If this is your first camera
Pay more for proof. A first camera is easiest when the listing shows the exact body powered on, includes a working battery and charger, names the memory card type, and has a recent sample photo from that camera. You are not only buying the camera body. You are buying a setup that can actually shoot on day one.
Untested does not automatically mean broken, but for beginners it can hide the parts that make a cheap listing expensive: a rare battery, a charger that costs almost as much as the body, a Memory Stick or xD-Picture Card reader, a stuck zoom lens, or a battery door that will not stay closed.
When untested can make sense
If you are more experienced, an untested camera can be a real bargain gamble. It is more reasonable when the price is low, the seller is honest about what they could not test, the photos show a clean lens and complete battery door, and you already know how to source batteries, chargers, cards, and readers.
It also makes more sense when you would still be okay if the camera only becomes a parts body, display piece, or repair project. That is a different purchase from buying a reliable everyday camera for a trip, a gift, or your first CCD-style setup.
Read the wording carefully
- Untested: ask what was missing. No charger is different from "we tried it and it failed."
- As-is: assume you may not be able to return it just because it does not work.
- For parts: treat it as a repair or parts purchase, not a ready-to-use camera.
- Powers on: useful, but not enough. You still want the lens, flash, screen, buttons, card slot, and battery door checked.
Ask these before buying
Ask for one photo of the camera powered on, one photo taken with the camera, and one photo of the battery and card door open. If the seller cannot test because they do not have a charger or card, compare the total cost after you add those missing pieces.

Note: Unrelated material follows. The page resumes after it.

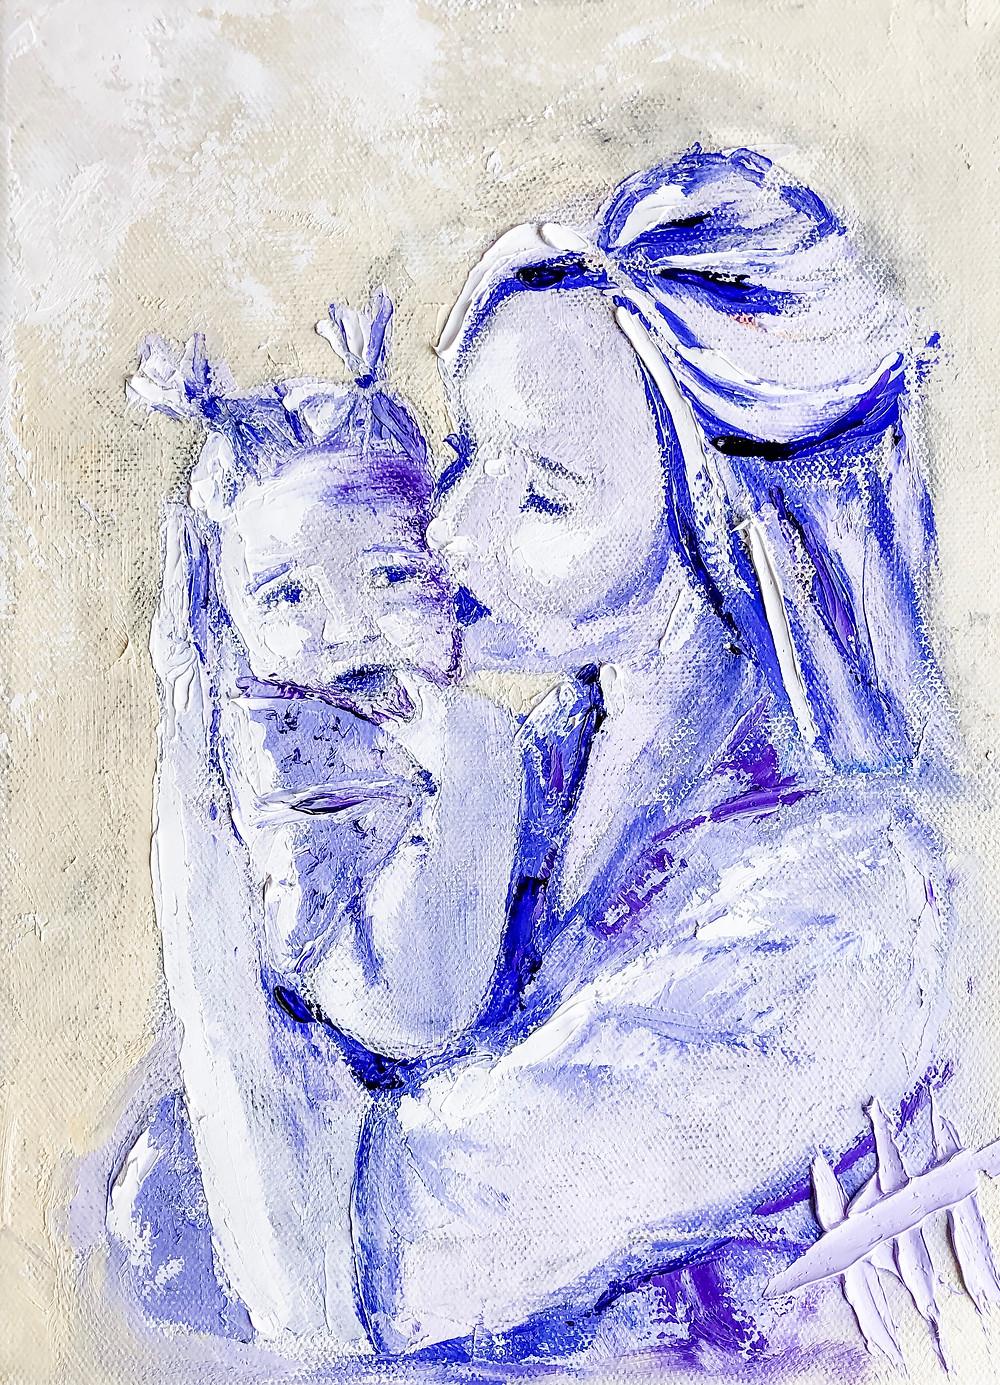 impressionist madonna and child by kentucky artist katie humphress
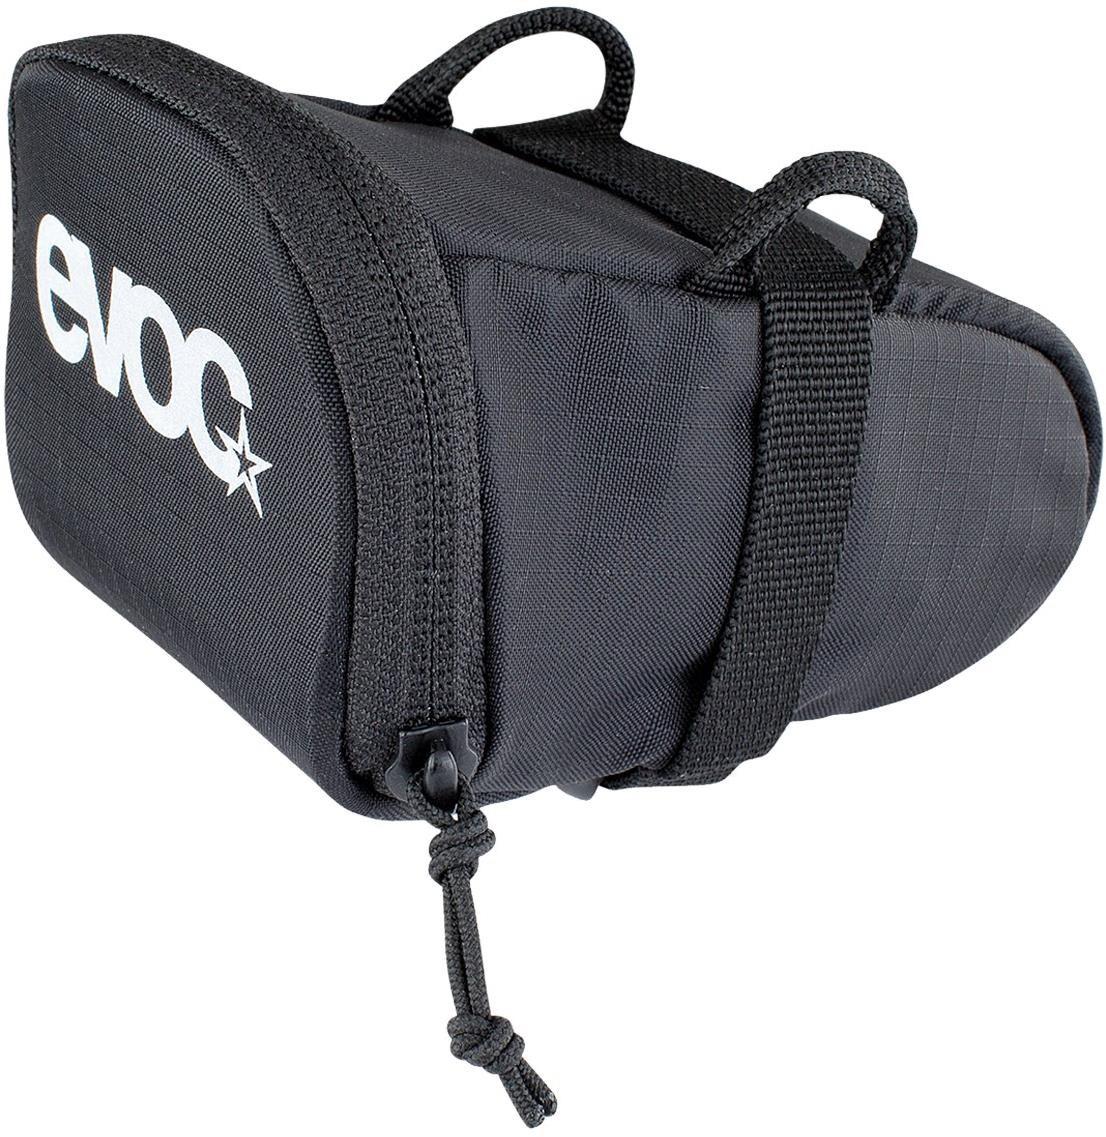 Evoc 0.3L Seat Bag   Saddle bags

For trendy models, keep the price honest. A low-cost untested compact can be fun. An expensive untested compact should leave enough room for the chance that you still need a battery, charger, card reader, repair, or replacement camera.
Simple rule
If you want your first camera to just work, buy the tested listing with the clearest proof. If you already enjoy hunting parts, testing batteries, and fixing little problems, an untested or as-is listing can still be part of the fun when the price matches the risk.